* [Task details]
Copy word for word the lines of the records below, beginning at the one with "Aspen, Colorado Maroon" and finishing at the one with "Reserved Stock Photo", ends included, but none of the pictures.

* [Source records]
-*-*-
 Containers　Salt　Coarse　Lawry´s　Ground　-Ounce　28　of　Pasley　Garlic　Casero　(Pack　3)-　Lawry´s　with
-*-*-
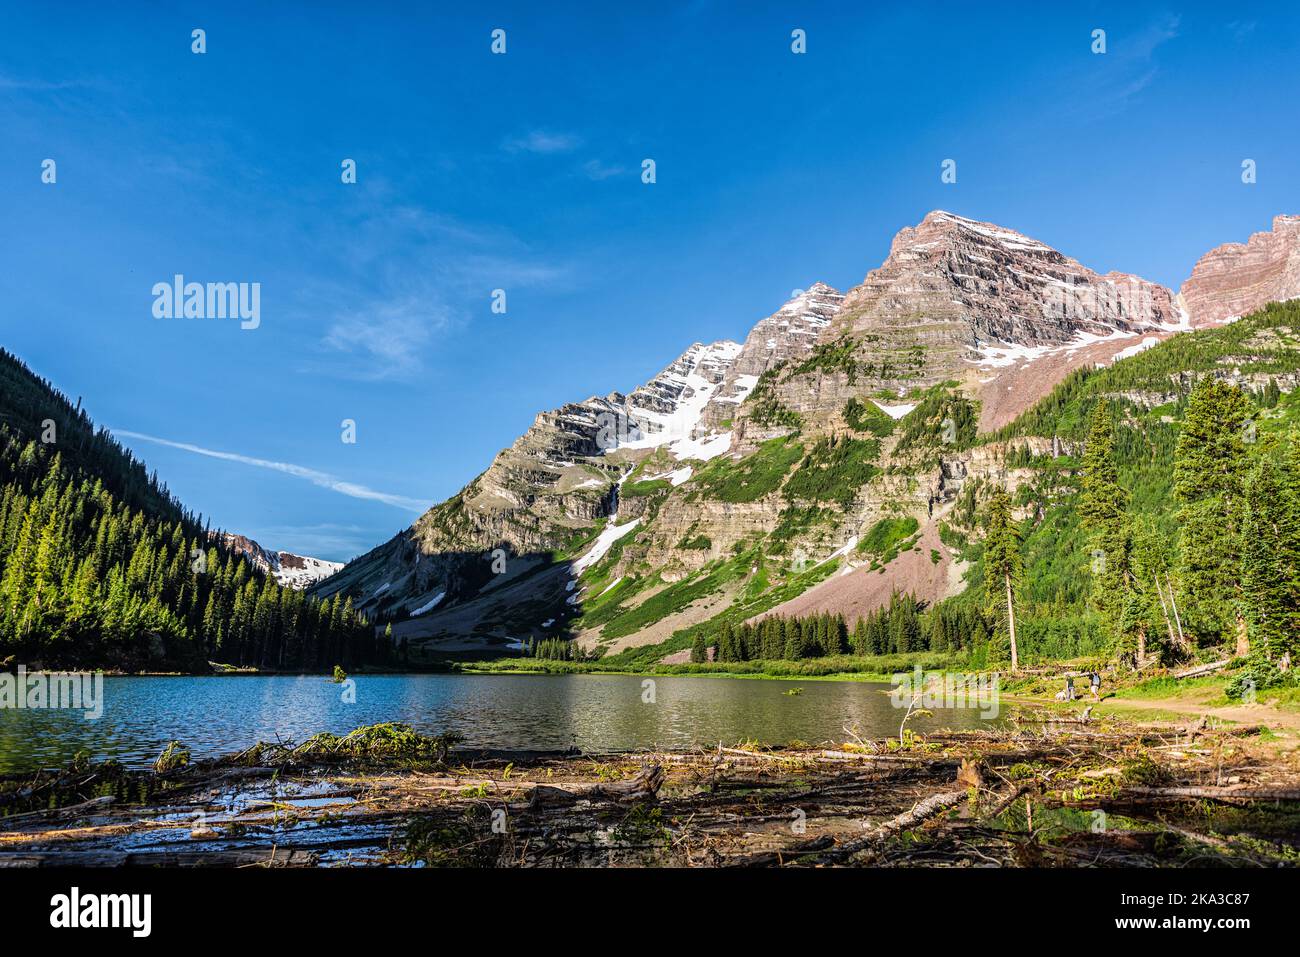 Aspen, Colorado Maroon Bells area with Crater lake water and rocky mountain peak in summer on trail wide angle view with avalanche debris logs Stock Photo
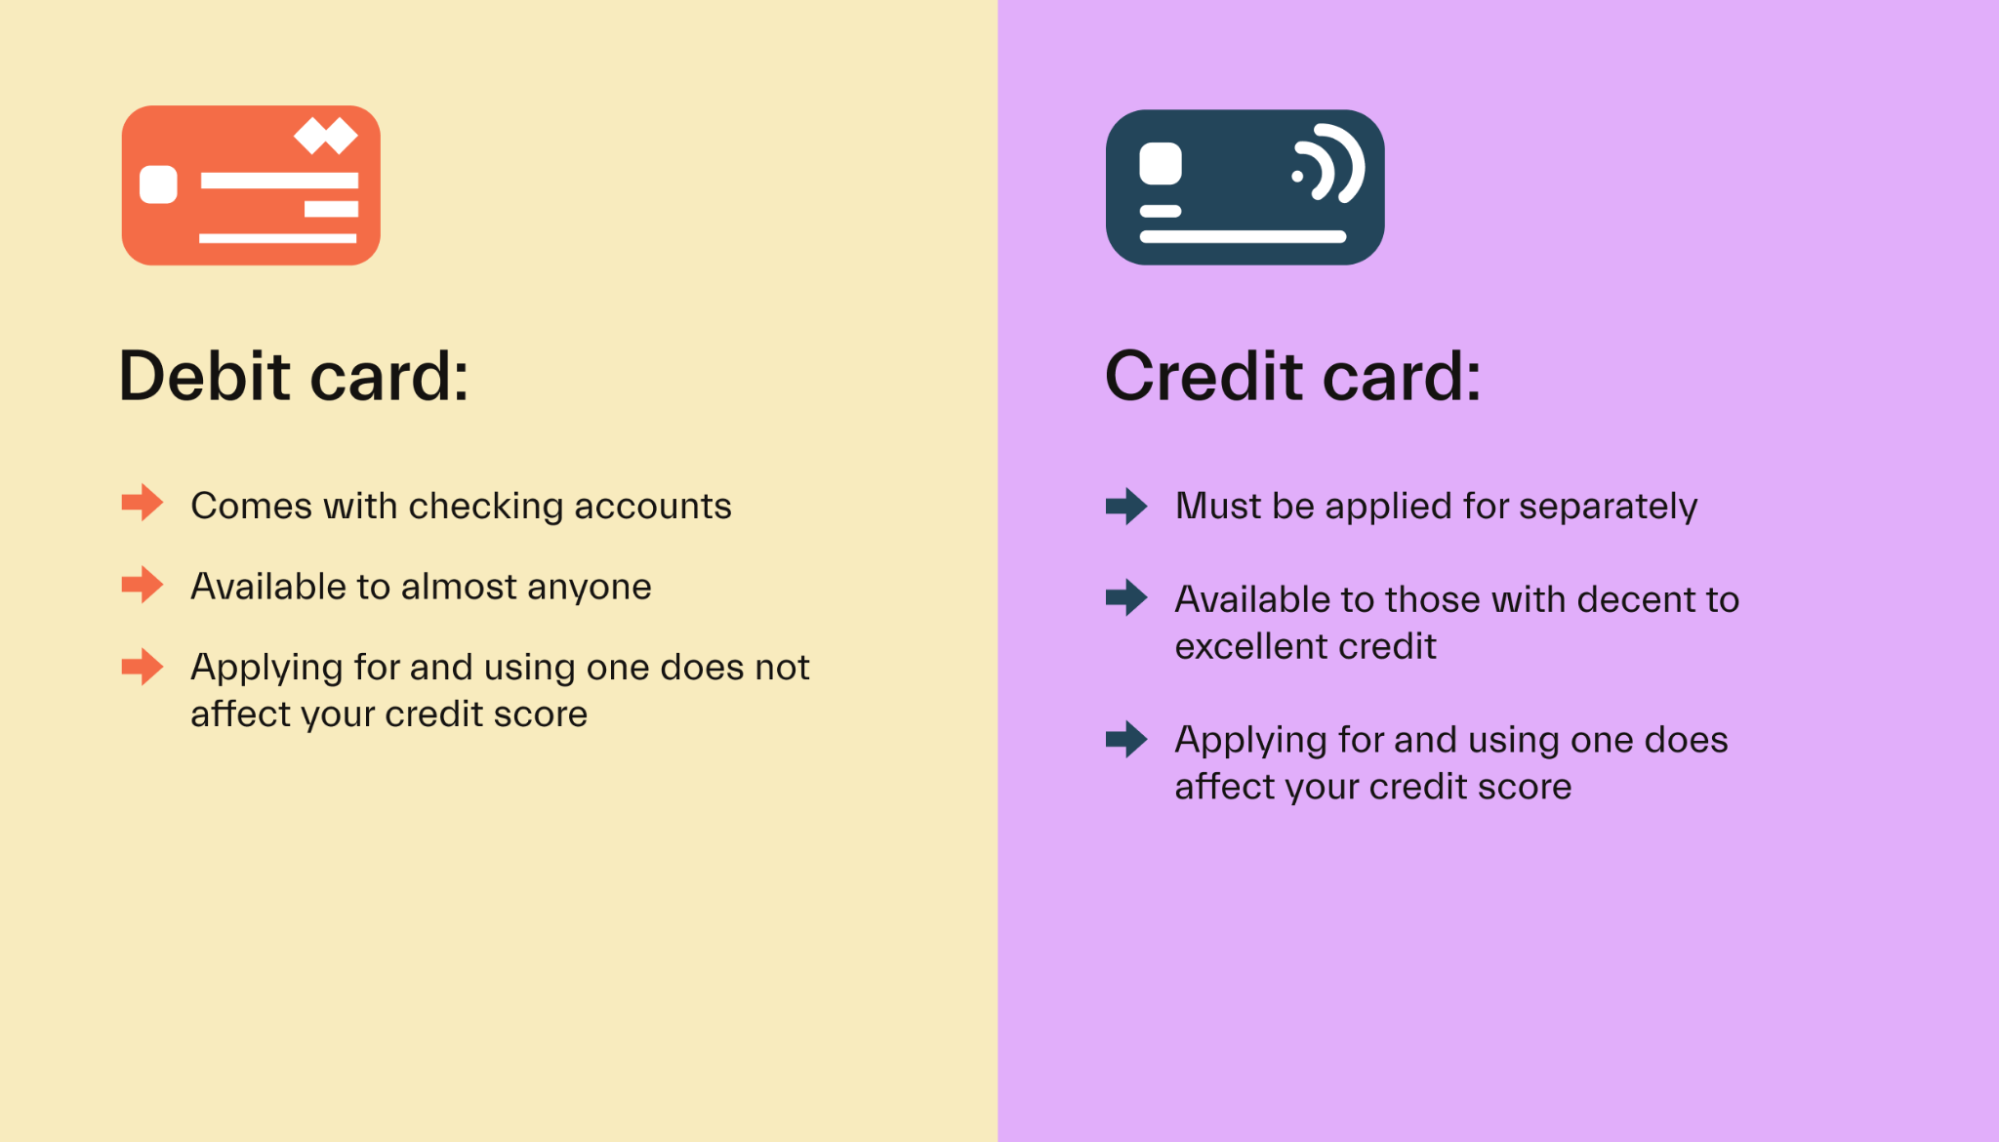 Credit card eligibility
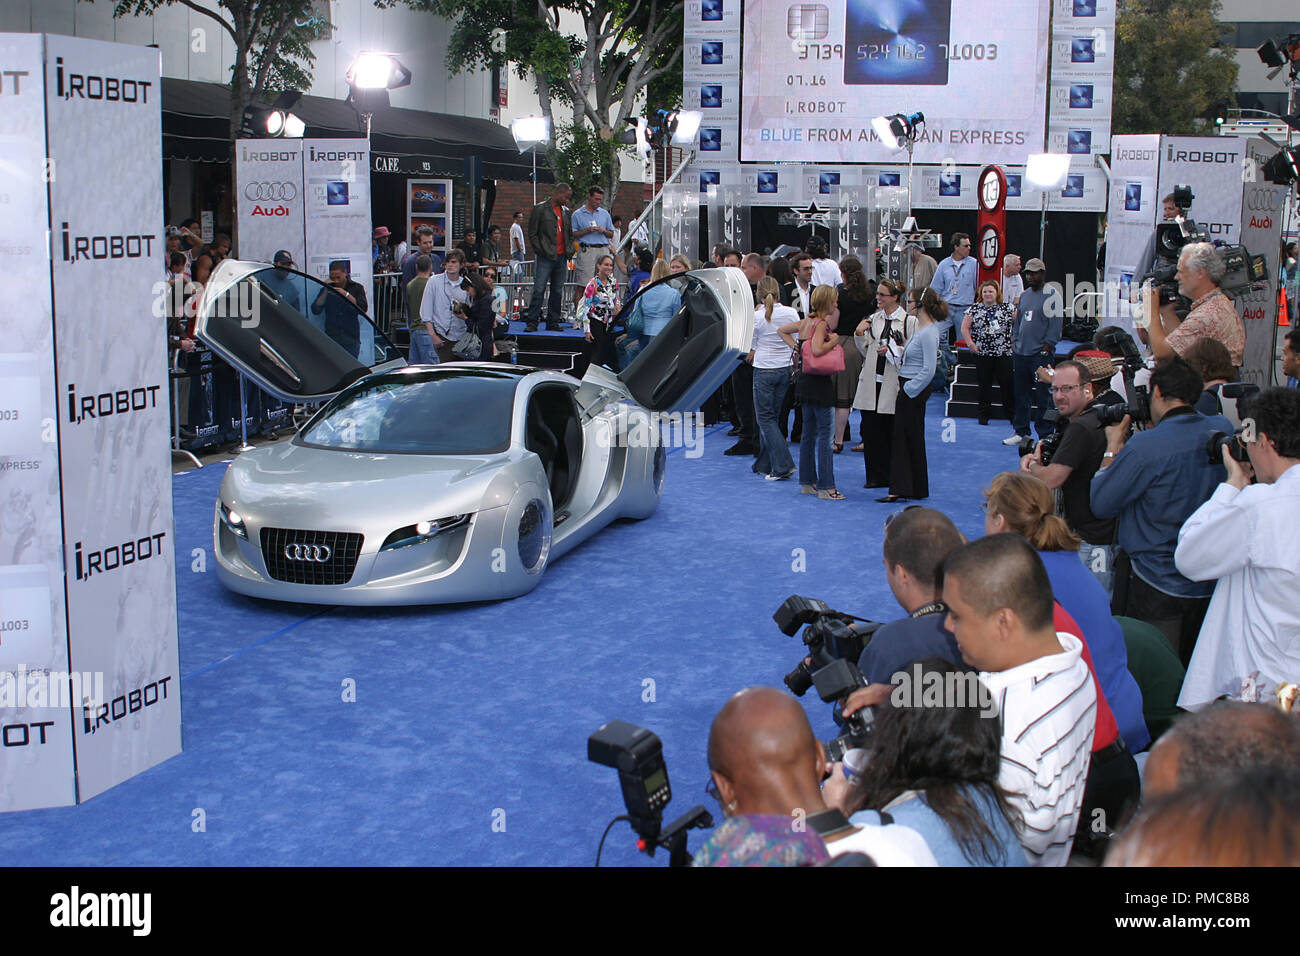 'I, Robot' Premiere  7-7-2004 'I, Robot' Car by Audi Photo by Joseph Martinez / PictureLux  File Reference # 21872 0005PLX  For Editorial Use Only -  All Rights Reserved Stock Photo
-*-*-
* [Task result]
 Aspen, Colorado Maroon Bells area with Crater lake water and rocky mountain peak in summer on trail wide angle view with avalanche debris logs Stock Photo
 Credit card eligibility
 'I, Robot' Premiere  7-7-2004 'I, Robot' Car by Audi Photo by Joseph Martinez / PictureLux  File Reference # 21872 0005PLX  For Editorial Use Only -  All Rights Reserved Stock Photo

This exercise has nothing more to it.